When solving logarithmic equations, we must determine what type of logarithm we have: an example expression may contain a natural logarithm or a decimal one.

Here are examples ln100, ln1026. Their solution boils down to the fact that they need to determine the power to which the base 10 will be equal to 100 and 1026, respectively. To solve natural logarithms, you need to apply logarithmic identities or their properties. Let's look at examples of solving logarithmic problems of various types.

How to Use Logarithm Formulas: With Examples and Solutions

So, let's look at examples of using the basic theorems about logarithms.

The property of the logarithm of a product can be used in tasks where it is necessary to expand great value numbers b into simpler factors.
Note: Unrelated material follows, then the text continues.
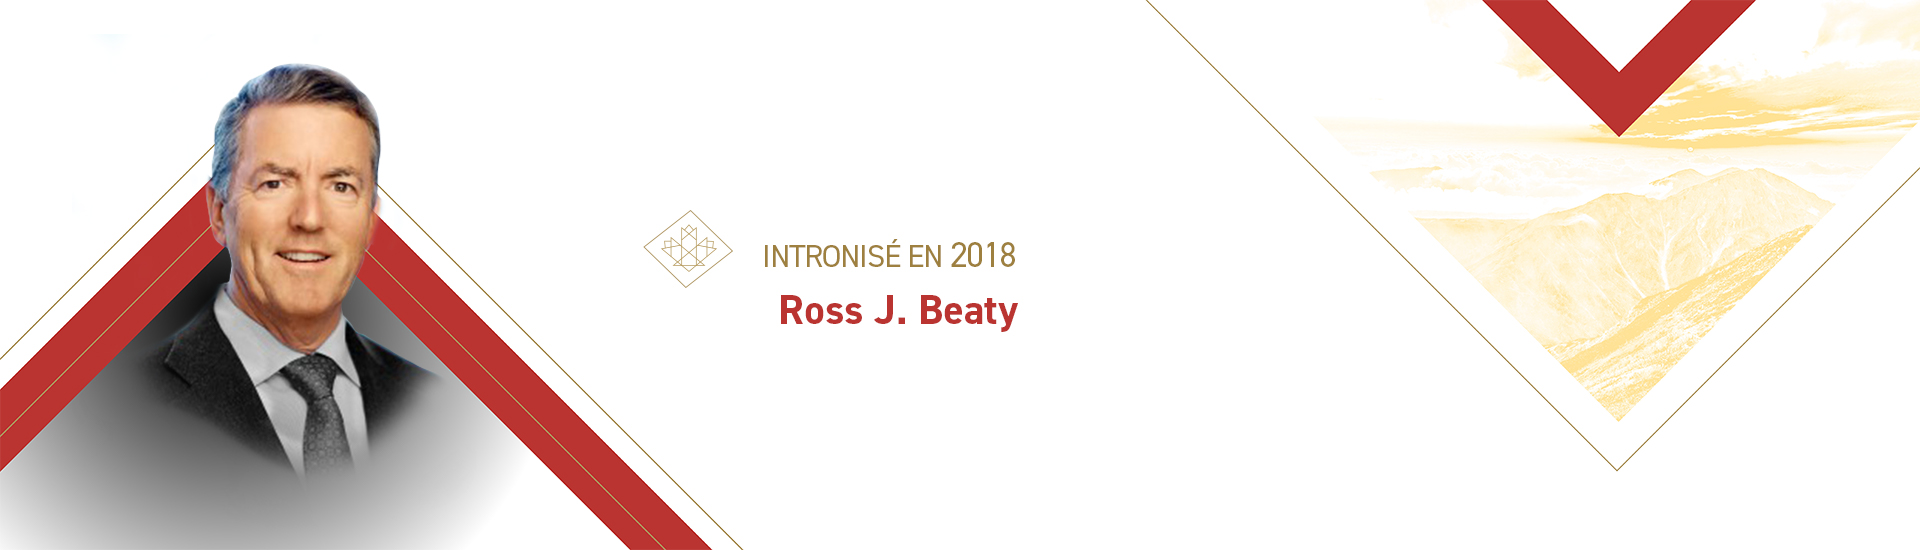 Ross J. Beatty (né en 1951)

For example, log 2 4 + log 2 128 = log 2 (4*128) = log 2 512. The answer is 9.
log 4 8 = log 2 2 2 3 = 3/2 log 2 2 = 1.5 - as you can see, using the fourth property of the logarithm power, we managed to solve a seemingly complex and unsolvable expression. You just need to factor the base and then take the exponent values out of the sign of the logarithm.

Assignments from the Unified State Exam

Logarithms are often found in entrance exams, especially many logarithmic problems in the Unified State Exam ( state exam for all school leavers). Typically, these tasks are present not only in part A (the easiest test part of the exam), but also in part C (the most complex and voluminous tasks). The exam requires accurate and perfect knowledge of the topic “Natural logarithms”.

Examples and solutions to problems are taken from official Unified State Exam options. Let's see how such tasks are solved.

Given log 2 (2x-1) = 4. Solution:
let's rewrite the expression, simplifying it a little log 2 (2x-1) = 2 2, by the definition of the logarithm we get that 2x-1 = 2 4, therefore 2x = 17; x = 8.5.

It is best to reduce all logarithms to the same base so that the solution is not cumbersome and confusing.
All expressions under the logarithm sign are indicated as positive, therefore, when the exponent of an expression that is under the logarithm sign and as its base is taken out as a multiplier, the expression remaining under the logarithm must be positive.